Summary The gut microbiota can modulate human metabolism through interactions with macronutrients. However, microbiota-diet-host interactions are difficult to study because bacteria interact in complex food webs in concert with the host, and many of the bacteria are not yet characterized. To reduce the complexity, we colonize mice with a simplified intestinal microbiota (SIM) composed of ten sequenced strains isolated from the human gut with complementing pathways to metabolize dietary fibers.

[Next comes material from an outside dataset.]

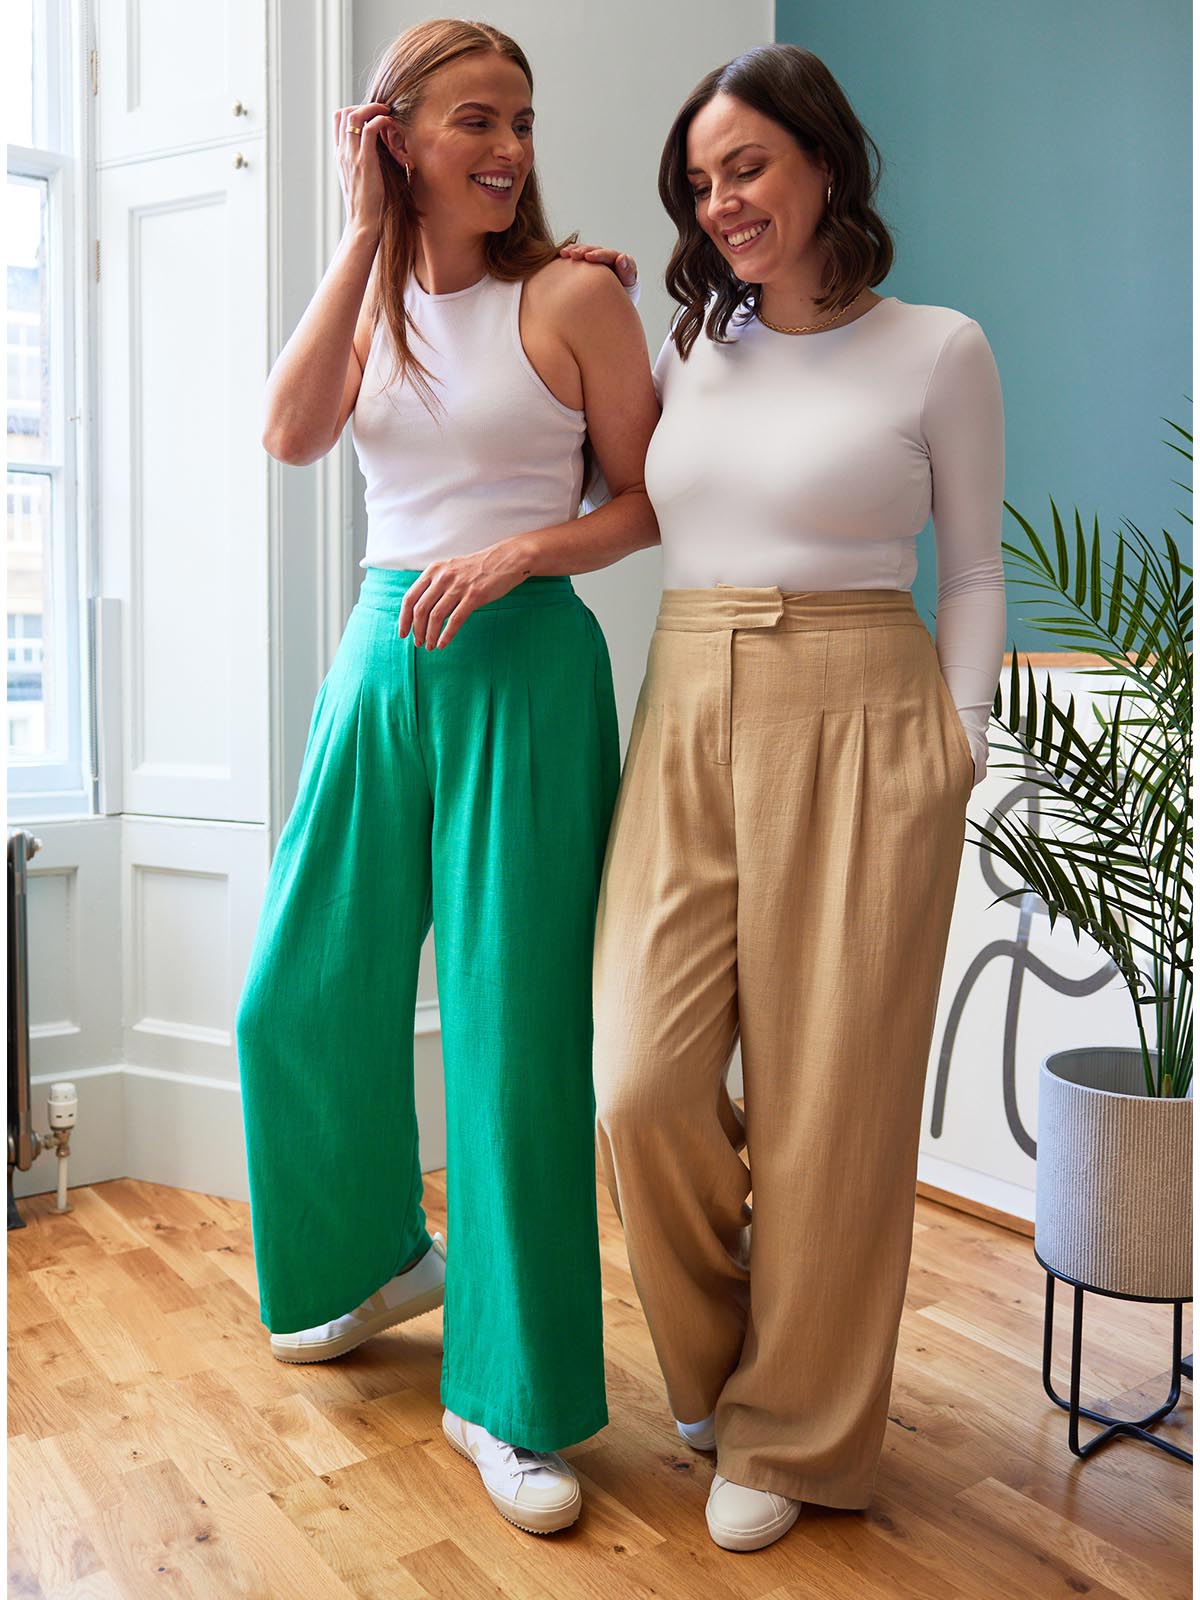 Two models, both wearing the Lana trousers - one in sand and the other in green. Both models are smiling and looking in different directions.

We feed the SIM mice one of three diets (chow [fiber rich], high-fat/high-sucrose, or zero-fat/high-sucrose diets [both low in fiber]) and investigate (1) how dietary fiber, saturated fat, and sucrose affect the abundance and transcriptome of the SIM community, (2) the effect of microbe-diet interactions on circulating metabolites, and (3) how microbiota-diet interactions affect host metabolism. Our SIM model can be used in future studies to help clarify how microbiota-diet interactions contribute to metabolic diseases.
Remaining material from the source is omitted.